TOPEKA, Kan. (AP) — Kansas legislators agreed Friday to strengthen the state’s lax oversight of amusement park rides after a lawmaker’s 10-year-old son was killed while riding a waterslide.
Rep. Scott Schwab’s son Caleb died last summer on the Verruckt waterslide at Schlitterbahn Waterpark in Kansas City, Kansas. Schwab declined comment after the Senate overwhelmingly approved the bill Friday, but he made an emotional speech last week in support of the bill. The investigation into the death is ongoing, but the slide has been closed since the accident and is slated for demolition.
The Senate approved the bill 35-2, just days after the House also overwhelmingly approved changing the law. Republican Gov.

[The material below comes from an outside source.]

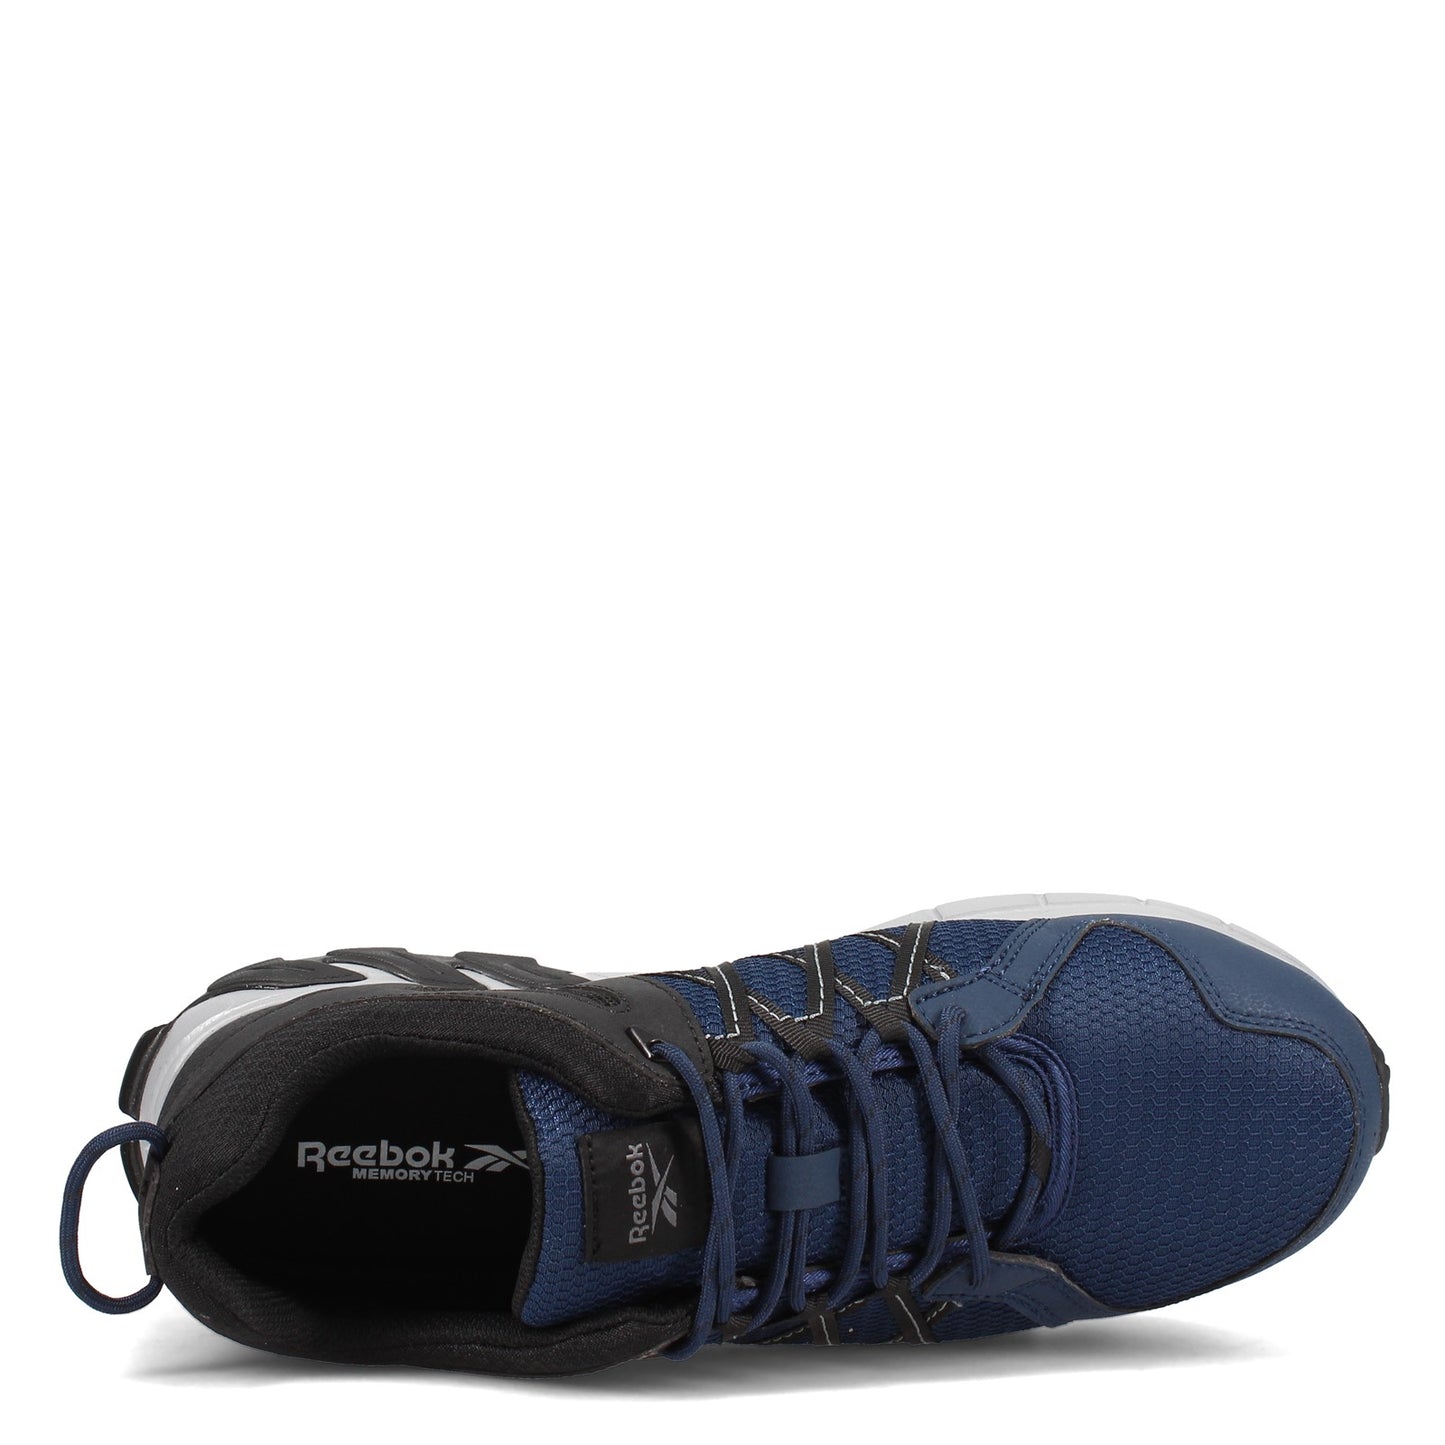 Peltz Shoes  Men's Reebok Work Trail Grip Low Work Shoe Navy/Black/Grey RB3403

Sam Brownback said he wanted to look at the legislation but would be “following Rep. Schwab’s lead.”
Under the legislation, amusement park rides would have to be inspected every year by qualified inspector. Current law requires inspections but allows amusement park owners do the checks themselves.
The bill requires that the professional conducting the inspection be an inspector certified by one of several national boards; an engineer with two years of experience in the amusement park field, including one year in inspections; or someone with five years of experience in the field, with two of those years in inspections. The bill also requires parks to report injuries.
Rep. John Barker, who led an effort to research reforms, said he found that Kansas regulations were some of the weakest in the country.
The state’s lax oversight of amusement park rides came under scrutiny after Caleb’s death last summer on the Verruckt, which was dubbed the “world’s tallest” waterslide at 168 feet. The slide had passed a private inspection earlier in the summer. But the ride’s opening in 2014 was pushed back without explanation, and during early trial runs, sand bags flew off the ride, so engineers partially tore it down and rebuilt it.
Investigators have not publicly spoken about how Caleb died, but a person familiar with the investigation previously told The Associated Press he was decapitated on the ride. That person spoke on condition of anonymity because that person was not authorized to speak publicly about the boy’s death.
Caleb was riding a raft down the slide with two women who were treated for facial injuries.
The Schwab family reached an undisclosed settlement in January with the park’s owner and the manufacturer of the rafts the ride used.
The waterpark is waiting for a court order before it can tear down the slide, Schlitterbahn spokeswoman Winter Prosapio said.